Thursday, July 2, 2009

Project Status

I have been making slow but steady progress on the NiPy models code. Right now for the midterm review, we have been focusing on design issues including the user interface and refactoring, test coverage/bug fixing, and some extensions for postestimation statistics. Other than this, I have spent the last month or so with anywhere from ten to fifteen stats, econometrics, or numerical linear algebra and optimization texts open on my desk.

The main estimators currently included in the code are generalized least squares, ordinary least squares, weighted least squares, autoregressive AR(p), generalized linear models (with several available distribution families and corresponding link functions), robust linear models, general additive models, and mixed effects models. The test coverage is starting to look pretty good, then there is just squashing the few remaining bugs and improving the postestimation statistics.

Some enhancements have also been made to the code. I have started to include some public domain or appropriately copyrighted datasets for testing purposes that could also be useful for examples and tutorials, so that every usage example doesn't have to start with generating your own random data. I have followed pretty closely to the datasets proposal in the Scikits Learn package.

We have also decided to break from the formula framework that is used in NiPy. It was in flux (being changed to take advantage of SymPy the last I heard) and is intended to be somewhat similar to the formula framework in R. In its place for now, I have written some convenience functions to append a constant to a design matrix or to handle categorical variables for estimation. For the moment, a typical model/estimator is used as

In [1]: from models.regression import OLS

In [2]: from models.datasets.longley.data import load

In [3]: from models.functions import add_constant

In [6]: model = OLS(data.endog, data.exog)

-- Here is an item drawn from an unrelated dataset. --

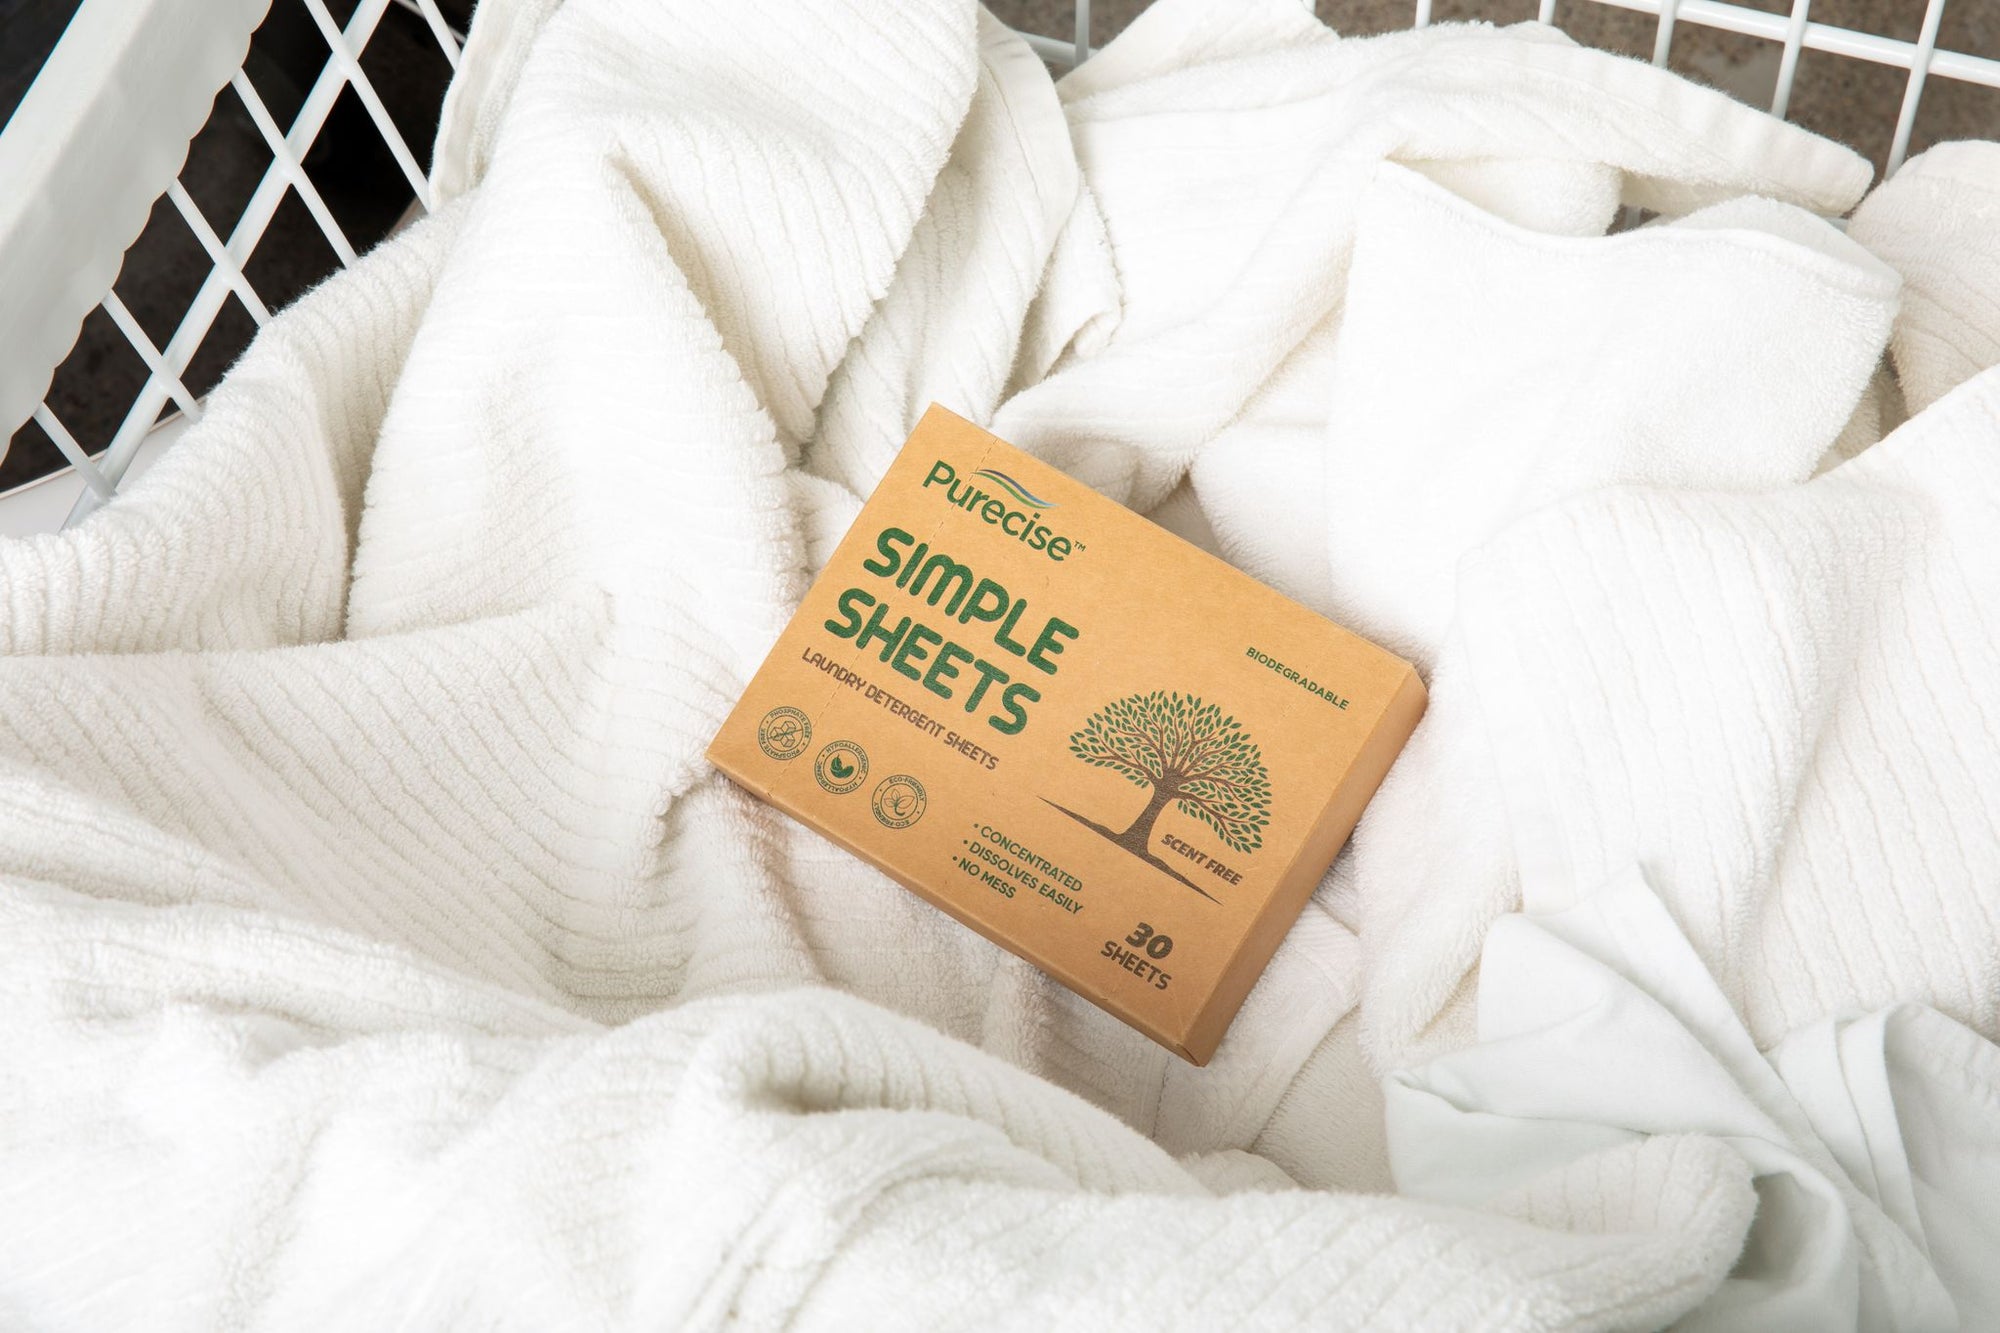 Purecise Laundry Detergent Sheets

In [7]: results = model.fit()

In [8]: results.params
Out[8]:
array([ 1.50618723e+01, -3.58191793e-02, -2.02022980e+00,
-1.03322687e+00, -5.11041057e-02, 1.82915146e+03,
-3.48225863e+06])

Barring any unforeseen difficulties, the models code should be available as a standalone package shortly after the midterm evaluation rapidly approaching in ten days. The second half of the summer will then be focused on optimizing the code, finalizing design issues, extending the models, and writing good documentation and tutorials so that the code can be included in SciPy!